Thursday, March 17, 2011

It's Everywhere that you Go

For some reason I feel like a lot of TV shows/movies that I like have a plot line about a couple that is having infertility issues.  Let me first explain that I do not pick these shows because of the plot line.  Generally, I watch the show/movie and then this plot line comes out of nowhere, but that's ok.  I enjoy seeing Hollywood's take on it. 

Most recently the show that has been featuring it that we have been watching is Mad Men (we're only on season 2 so don't ruin anything for me if you watch it!).  One of the characters and his wife have been trying to have a baby and they haven't been able to.  For various reasons we know it's her and not him (I don't want to give too much way!).  The most recent episode that we watched featured the woman wanting to adopt and the man not wanting to have any part of it because those babies are the "rejects".  All I can say is thank GOD I do not live in the 60's or that my husband is not a giant you know what.

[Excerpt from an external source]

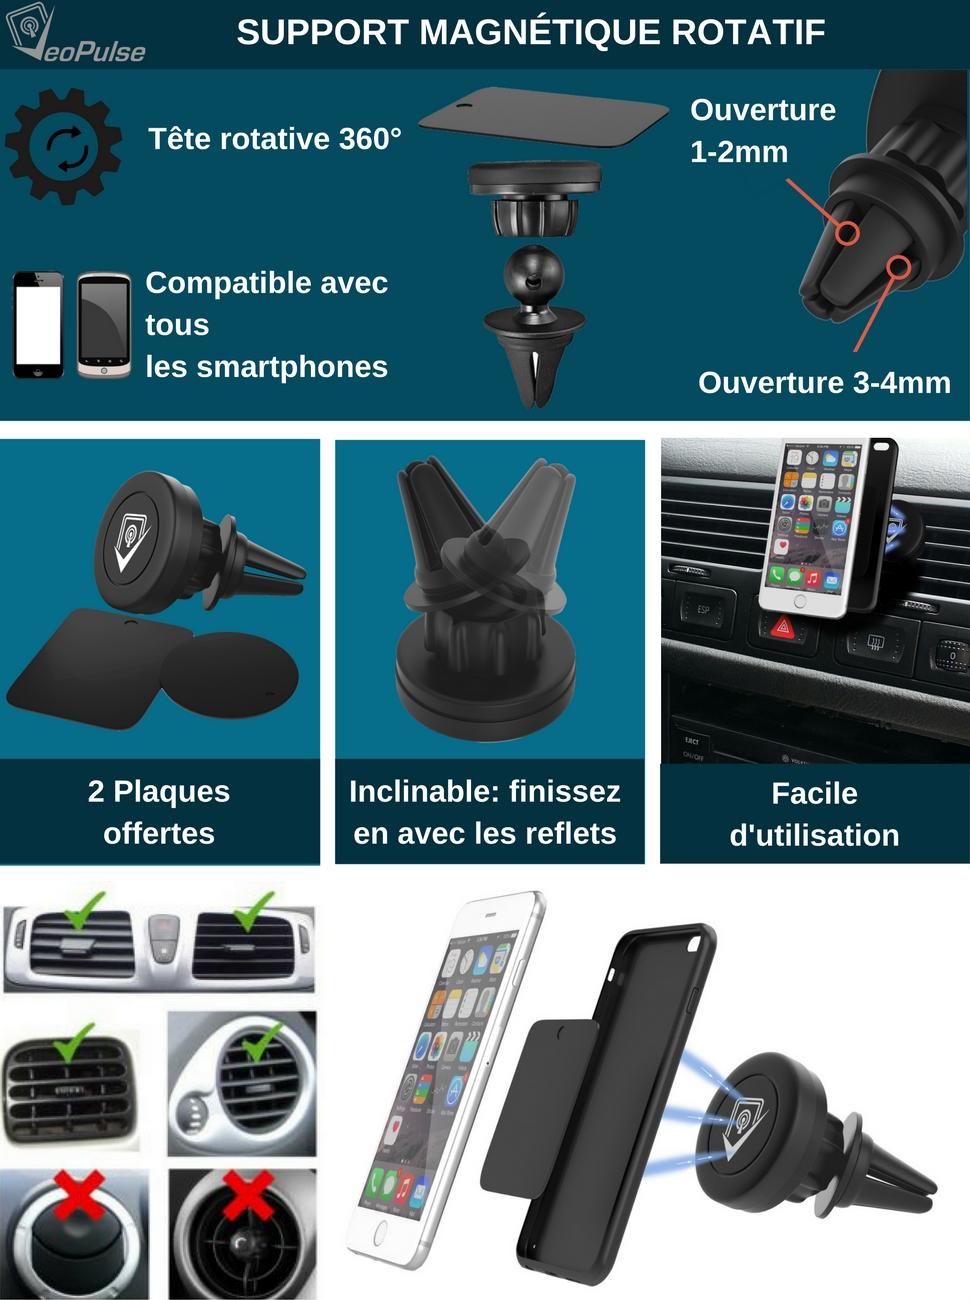 Soyez sereins, votre téléphone ne bougera pas. Des aimants puissants pour  assurer une stabilité parfaite du téléphone 25e0287a66f2

So long story short... it got me curious about adoption.  There is a very real chance that adoption will be one of our only options and it's high time I got myself acquainted with the process.  We are most interested in going through Catholic Social Services and per their local website here are some FAQ's that really answered some of my questions I had. 

Q: What are the eligibility requirements to adopt through Catholic Charities of Northern Kentucky?
A: We work with couples who are experiencing infertility, have been married at least three years, are residents of the Diocese of Covington and between the ages of 25 and 45. Couples must be in good health, have a normal life expectancy, and have the physical, financial and emotional resources to attend to the needs of a growing child. Couples of all faiths are welcome to apply.
Q: How much does it cost?

A: Our fees are based on a sliding scale according to income. The total expenses usually run between $11,000 and $17,000 before the $11,650 Federal Adoption Tax Credit, which can reduce the total paid to less than $6,000.

Q: How long is the wait?

A: After the home study is completed, the average wait for a placement is between twelve and eighteen months.

Q: Can I choose between a closed and open adoption?

A: Yes. Adoptive parents and birth parents are encouraged to design the adoption plan best suited to their needs and the needs of their child.

Q: What is the typical birth mother like?

A: She is a young woman of considerable maturity and courage. She sees the benefits of counseling and is invested in making the right decision for herself and her child.

Q: How old are the children placed for adoption?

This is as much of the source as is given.